### DATA FOR ANALYSIS
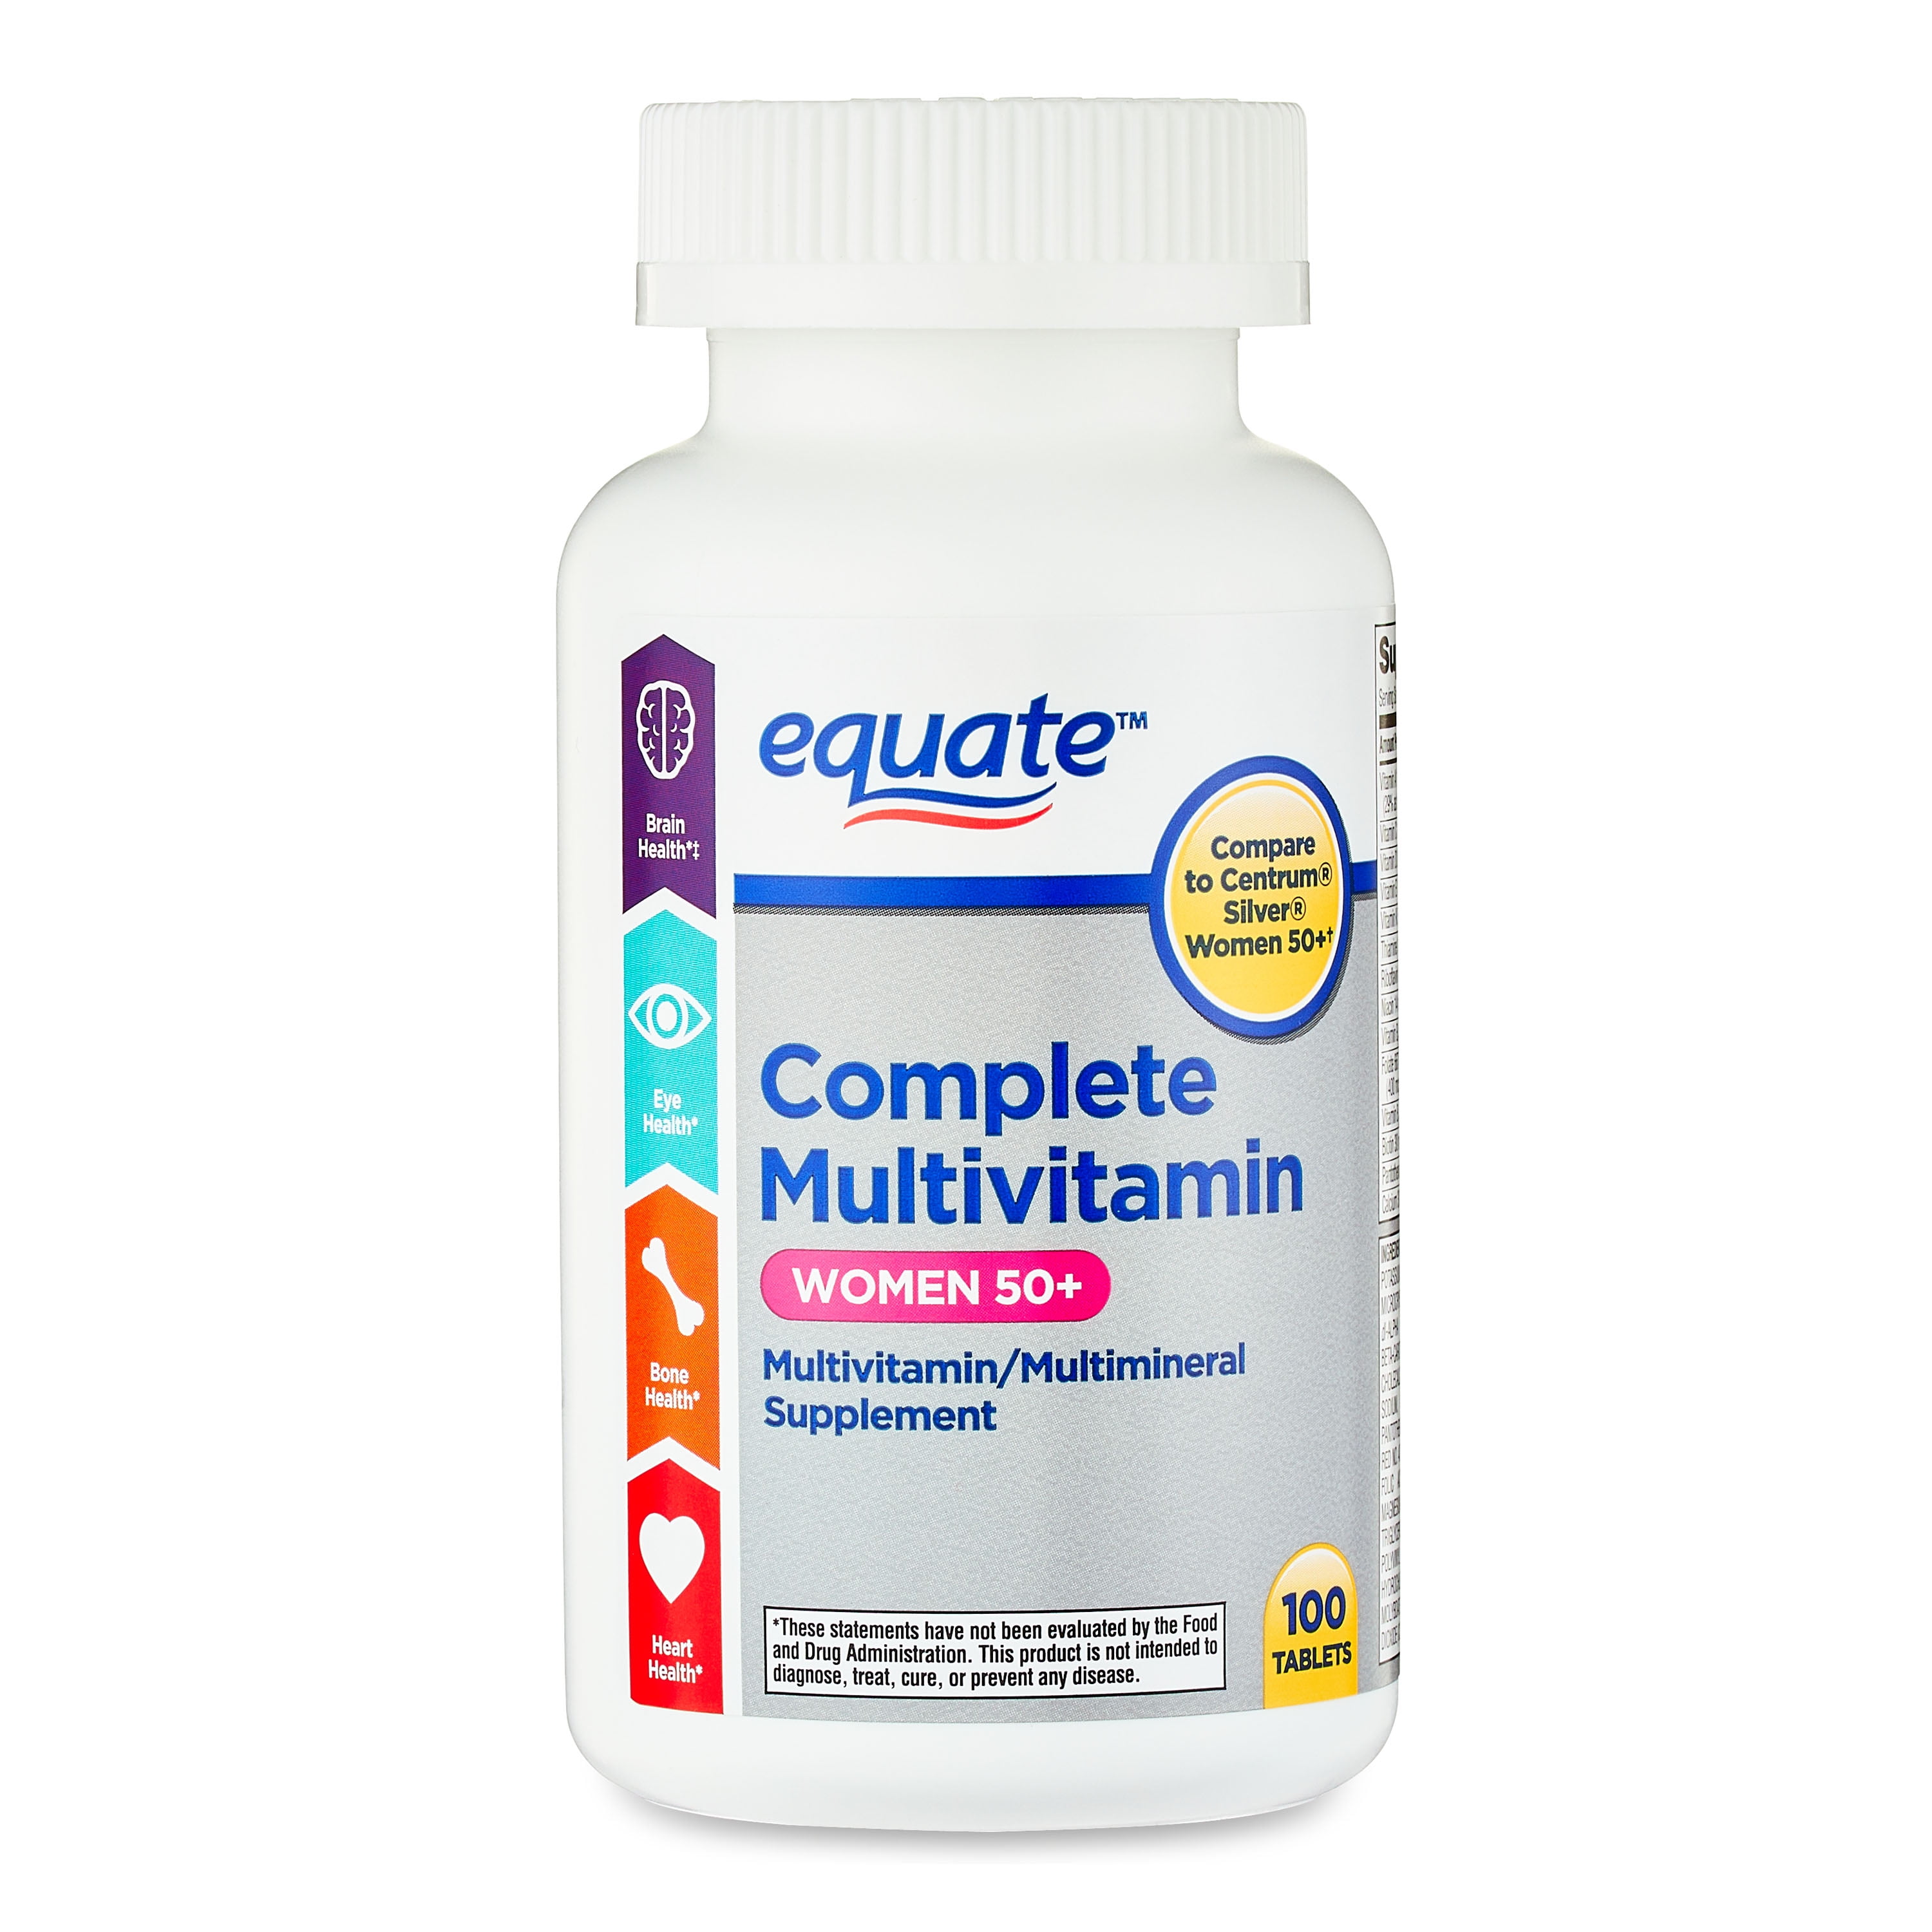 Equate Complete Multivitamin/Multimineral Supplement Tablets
...
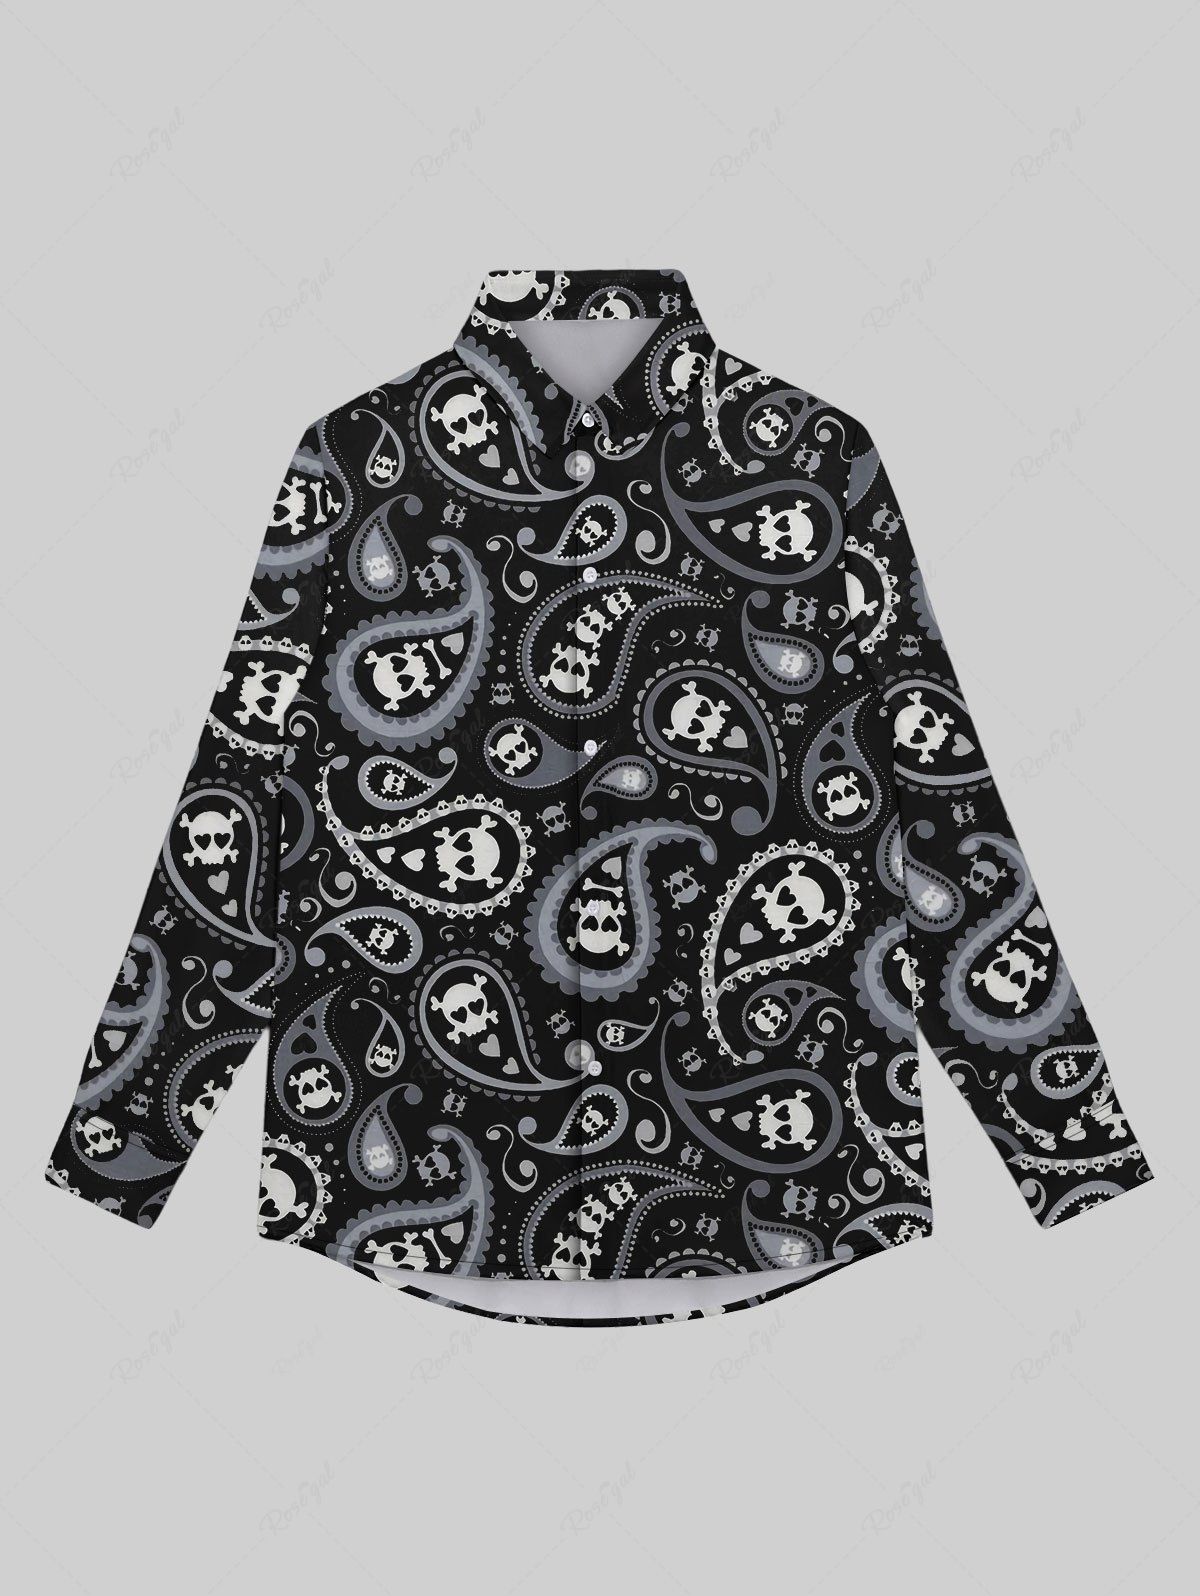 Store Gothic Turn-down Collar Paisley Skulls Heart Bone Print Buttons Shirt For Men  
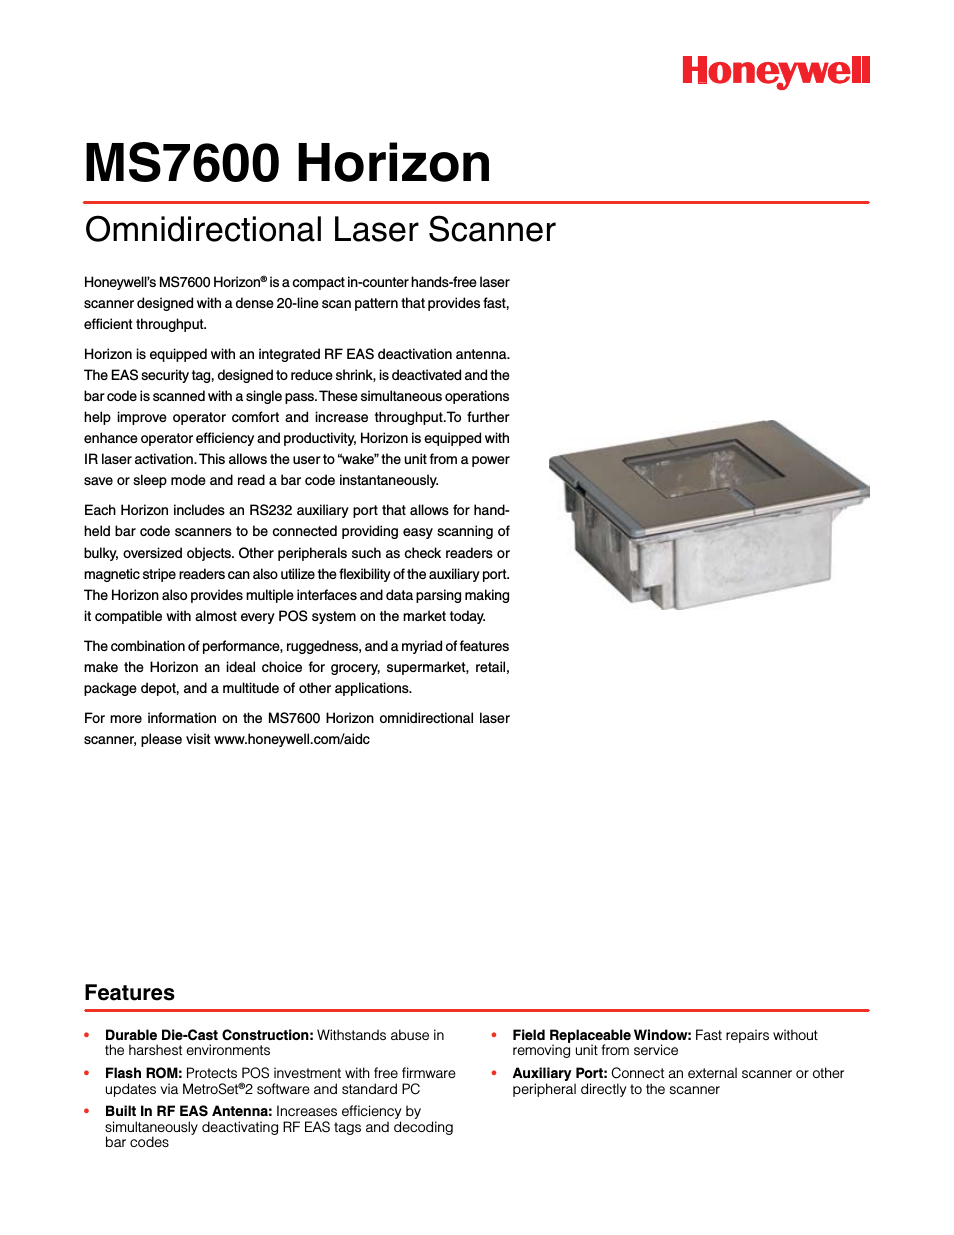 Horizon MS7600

### TASK GOAL
Given the listing above, repeat exactly the lines starting at the one with "Store Gothic Turn-down" and ending at the one with "Horizon MS7600", inclusive, excluding pictures.

### RESULT FOR THIS TASK
 Store Gothic Turn-down Collar Paisley Skulls Heart Bone Print Buttons Shirt For Men  
 Horizon MS7600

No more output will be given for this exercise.